The first aminoacid in the sequence corresponds to the number of notes that will be played in the current bar. It is equal to the aminoacid code number modulo 16, plus one. This means that it can range from 1 to 16. Let’s call this number n.

n following notes are read from the aminoacid sequence, if there are enough remaning aminoacids to compose them. After the notes are read, the conversion goes on to the next bar and reads another aminoacid that encodes again the number of notes n that will make the following bar. This mechanism makes sure that genomes of any length will always produce valid MIDI files that are not empty or cluttered with too many notes played altogether.

Notes are created by reading 4 aminoacids at a time. The first one encodes the location, or the delay in 16th notes from the start of the current bar. This is when the note will start playing, and is converted by multiplying 60 by the aminoacid code modulo 16: (num mod 16) * 60. In MIDI format a bar is 960 ticks, so a sixteenth note is 60 ticks long.

The second aminoacid in a note sequence encodes the duration of the note, which is read in the exact same way but excluding notes of length 0: ((num mod 16) + 1) * 60. The third aminoacid in the quartet encodes the octave: num mod 7, while the fourth and last aminoacid making a note sequence finally encodes the note. This is done in a slightly more sophisticated way.

if scale >= 0 then
    if minor then
        autoscale_minor scale (note_in_scale_of_int note)
    else
        autoscale_minor scale (note_in_scale_of_int note)
    else note_of_int note

If a scale is passed as a command line argument to the program, the fourth aminoacid in the sequence encodes a note from 0 to 6, or num mod 7. The resulting note is then mapped automatically into a scale by the autoscale_minor or autoscale_major functions, which return only the chromatic note numbers from 0 to 11 in key with the scale passed as an argument. If automatical mapping to a scale is disabled, the aminoacid just encodes a note number from 0 to 11 in the chromatic scale. The latter case will obviously not sound musical at all!

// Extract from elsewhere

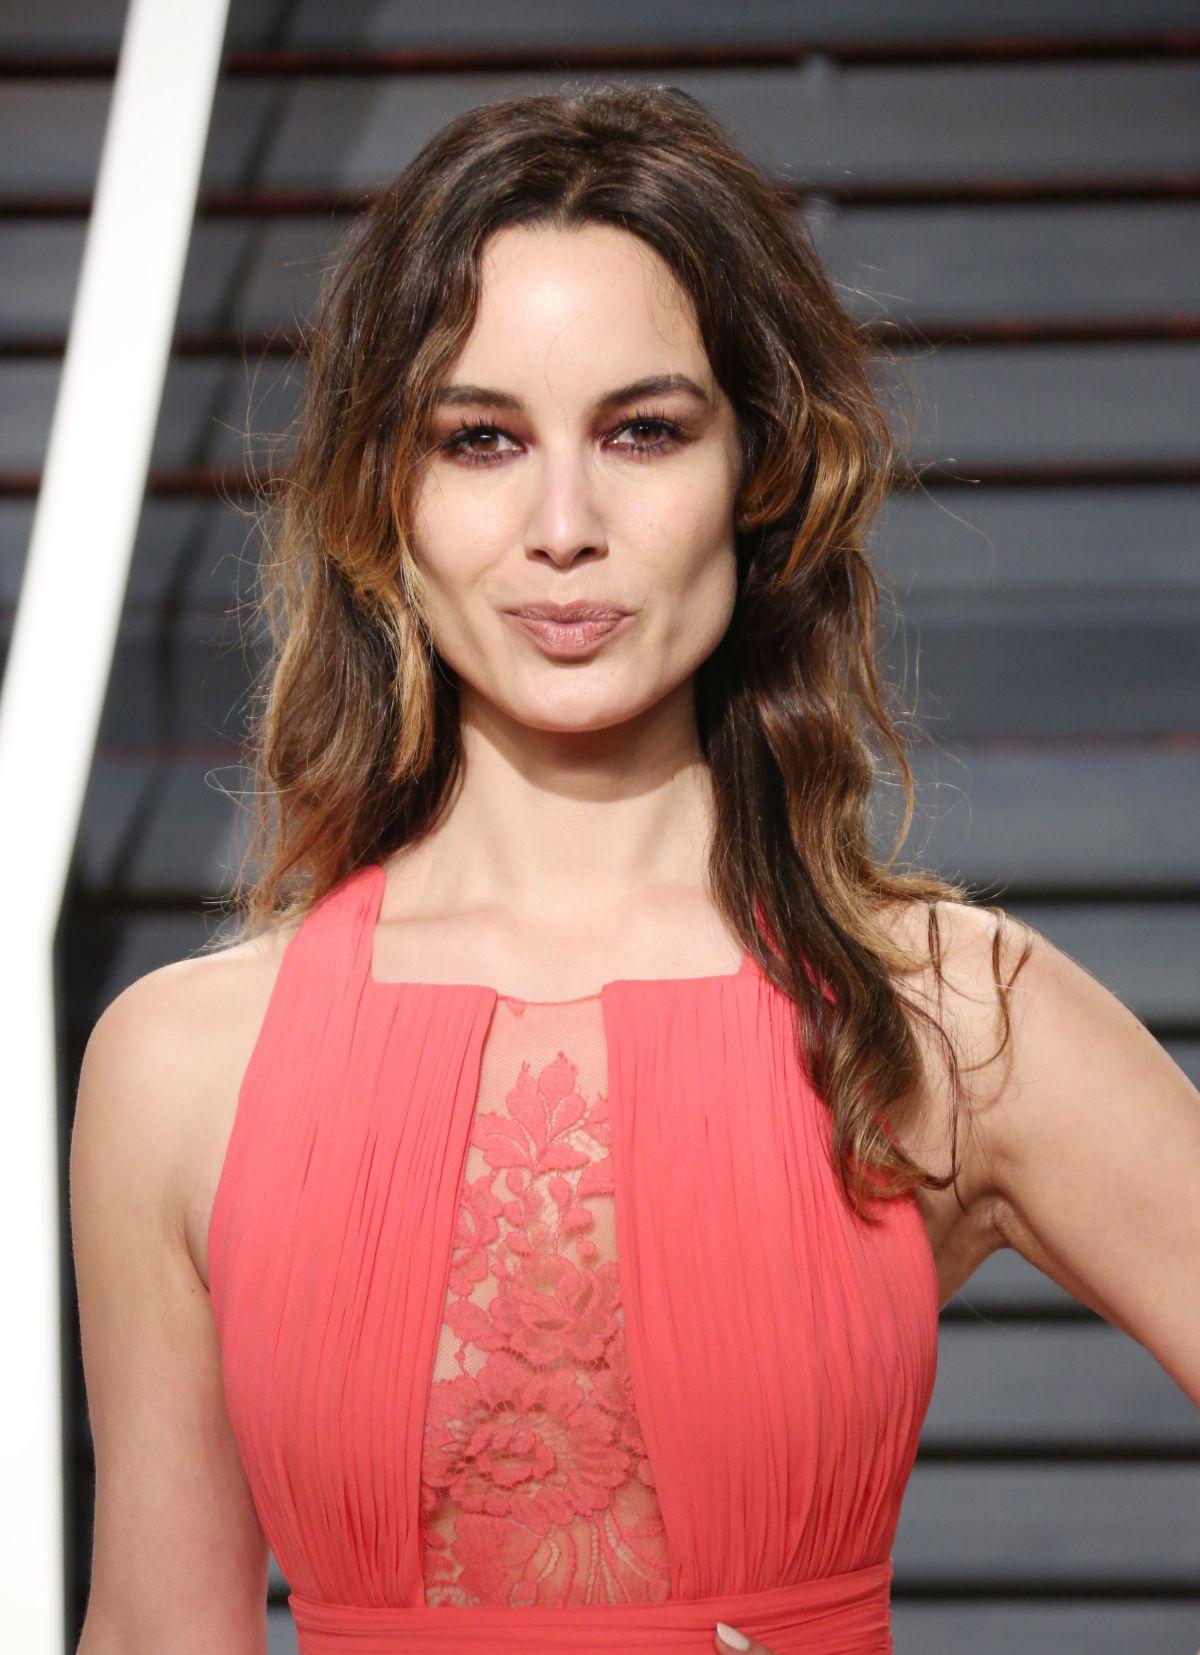 BERENICE MARLOHE at 2017 Vanity Fair Oscar Party in
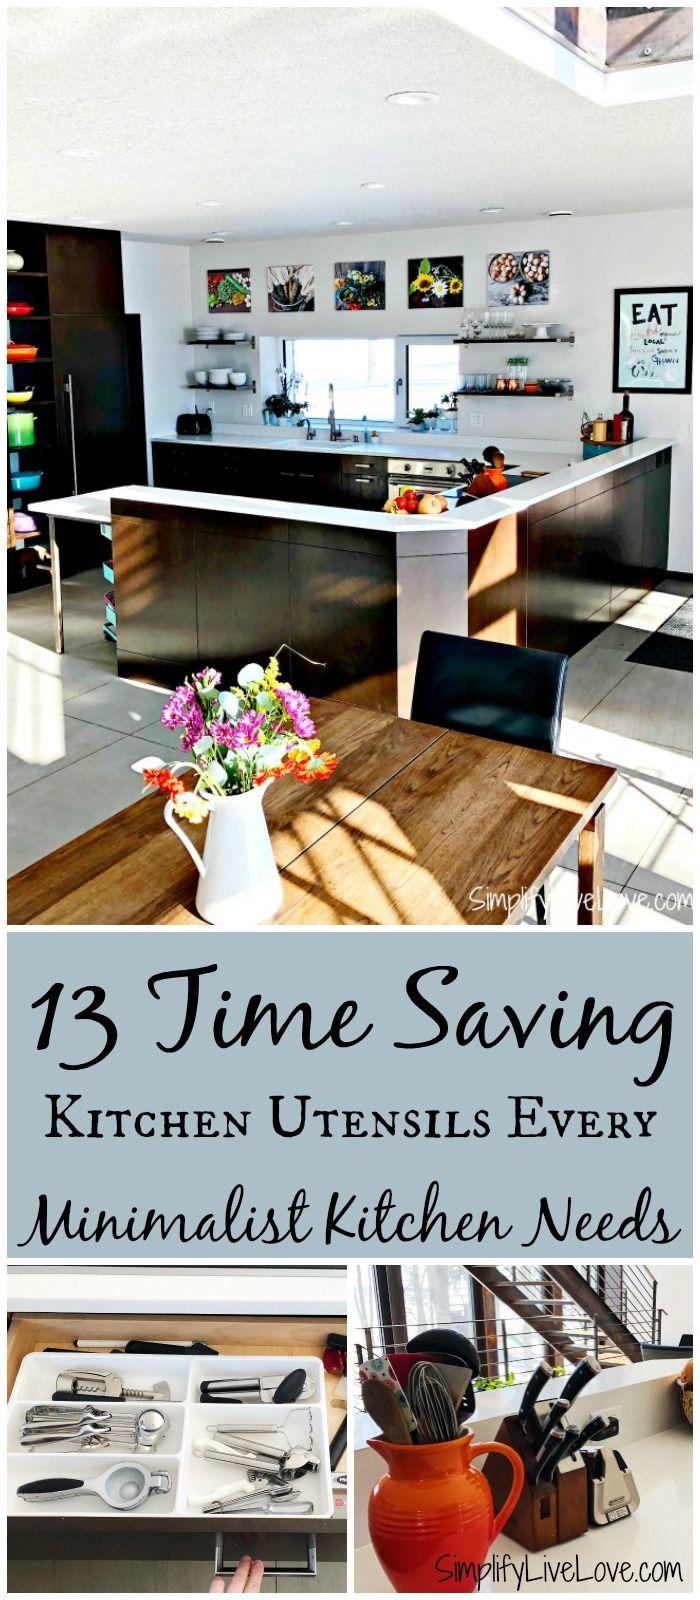 13 Time Saving Kitchen Utensils Every Minimalist Kitchen Needs ...

Here’s a snippet of the text file resulting from SARS-Cov-2 genome-music conversion.

N 1920 4 6 100 840 1
N 3120 5 8 100 60 1
N 3720 0 6 100 900 1
N 3960 2 6 100 600 1
N 5640 5 14 100 360 1
N 5340 6 14 100 480 1
N 4800 0 8 100 960 1
N 5040 2 16 100 900 1
N 5340 1 8 100 180 1
N 5640 4 8 100 960 1
N 5640 4 6 100 900 1
N 5700 4 9 100 60 1
N 4800 1 11 100 600 1
N 5160 0 13 100 840 1
N 5820 3 8 100 960 1
N 5760 2 8 100 960 1
N 5820 5 16 100 240 1
N 5760 7 6 100 360 1
N 5760 6 16 100 900 1
N 6660 6 8 100 120 1

After printing out the whole sequence of notes, the output can be finally redirected into a text file and converted in format MIDI with the tool txt2mid, which reads exactly that format. This is how note lines are printed in dna2music:

What If I Want to Make a Song About Another Virus?

If you want to use this buggy tool, you can download the source code from my GitHub profile. You can also, just as an example, download the FASTA genome of Cytomegalovirus (Human herpesvirus 5 strain AD169) here.

Building

The project only has two dependencies: g++ and ocaml >= 4.03.0. You need to build txt2mid first:

g++ txt2mid.cpp -o txt2mid

Usage

You can download genomes in FASTA format from the National Institutes of Health’s GenBank database, or from the UCSC Genome Browser. After obtaining a FASTA file, you can pipe it into dna2music and redirect the output to a text file and then convert the text file to MIDI:

cat /path/to/file.fasta | ocaml dna2music.ml > file.txt
./txt2mid file.txt
# this will automatically create the MIDI file

dna2music.ml accepts two additional arguments regarding automatically mapping the notes to a certain key, to make the generated notes sound more musical altogether. If no additional argument is supplied key mapping will be skipped.

The first additional argument is the a string containing the key (note) in which the music will be composed, for example C or E are valid keys. To use sharp or flat key use the plus and minus symbols, for example C+ or A-.

The second additional argument is if the scale should be minor or not: true is minor and false is major. You can omit this argument to use the major scale. Other scales are not implemented. Have fun and stay at home during the lockdown!